Pembiayaan Lender Fintech Lending Anjlok, OJK dan AFPI Soroti Masalah Tata Kelola

  • Berdasarkan data Otoritas Jasa Keuangan (OJK), terjadi penurunan outstanding pinjaman perorangan dan IKNB sejak Januari hingga Agustus 2024. Outstanding pinjaman perorangan misalnya, mencatat kontraksi sebesar 14,23% year-to-date (ytd) dari Rp6,10 triliun di Januari menjadi Rp5,24 triliun pada Agustus 2024. Di sisi lain, outstanding IKNB juga menurun sebesar 23,84% ytd menjadi Rp1,46 triliun, sedangkan sektor koperasi mencatat penurunan sebesar 29,5% ytd menjadi Rp152,43 miliar.

Fintech

Idham Nur Indrajaya

JAKARTA – Industri fintech lending di Indonesia mengalami tantangan besar sepanjang 2024. Penurunan outstanding pinjaman di sektor fintech peer-to-peer (P2P) lending hingga industri keuangan non-bank (IKNB) dan koperasi menimbulkan kekhawatiran bagi pelaku industri serta regulator. 

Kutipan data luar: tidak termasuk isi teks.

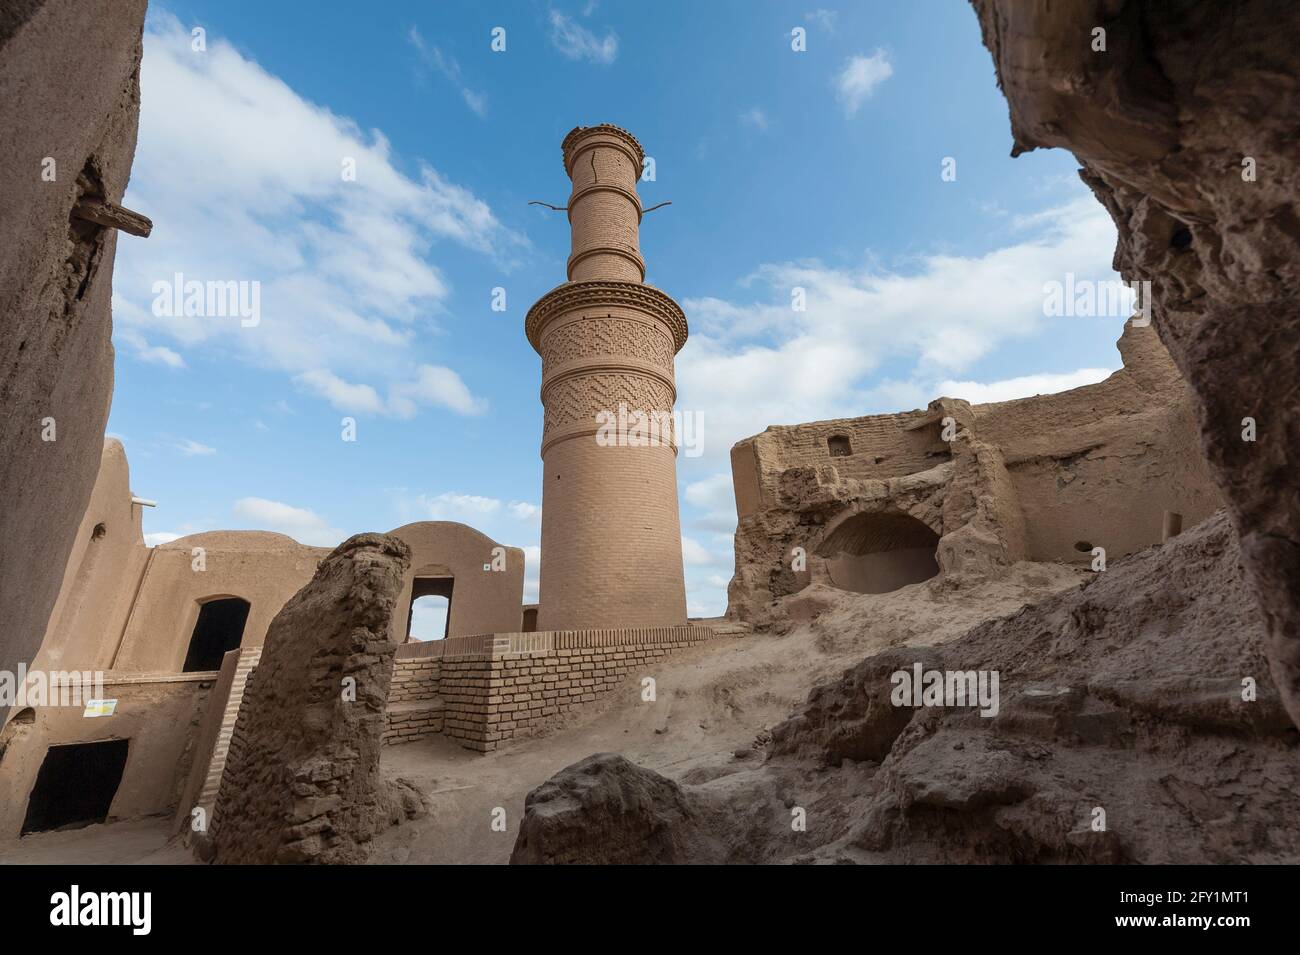 El minarete temblor en el pueblo de Kharanaq, de 1000 años de edad, se derrumbó con ladrillos de barro. Condado de Ardakan, Provincia de Yazd, Irán. Foto de stock

Berdasarkan data Otoritas Jasa Keuangan (OJK), terjadi penurunan outstanding pinjaman perorangan dan IKNB sejak Januari hingga Agustus 2024. Outstanding pinjaman perorangan misalnya, mencatat kontraksi sebesar 14,23% year-to-date (ytd) dari Rp6,10 triliun di Januari menjadi Rp5,24 triliun pada Agustus 2024.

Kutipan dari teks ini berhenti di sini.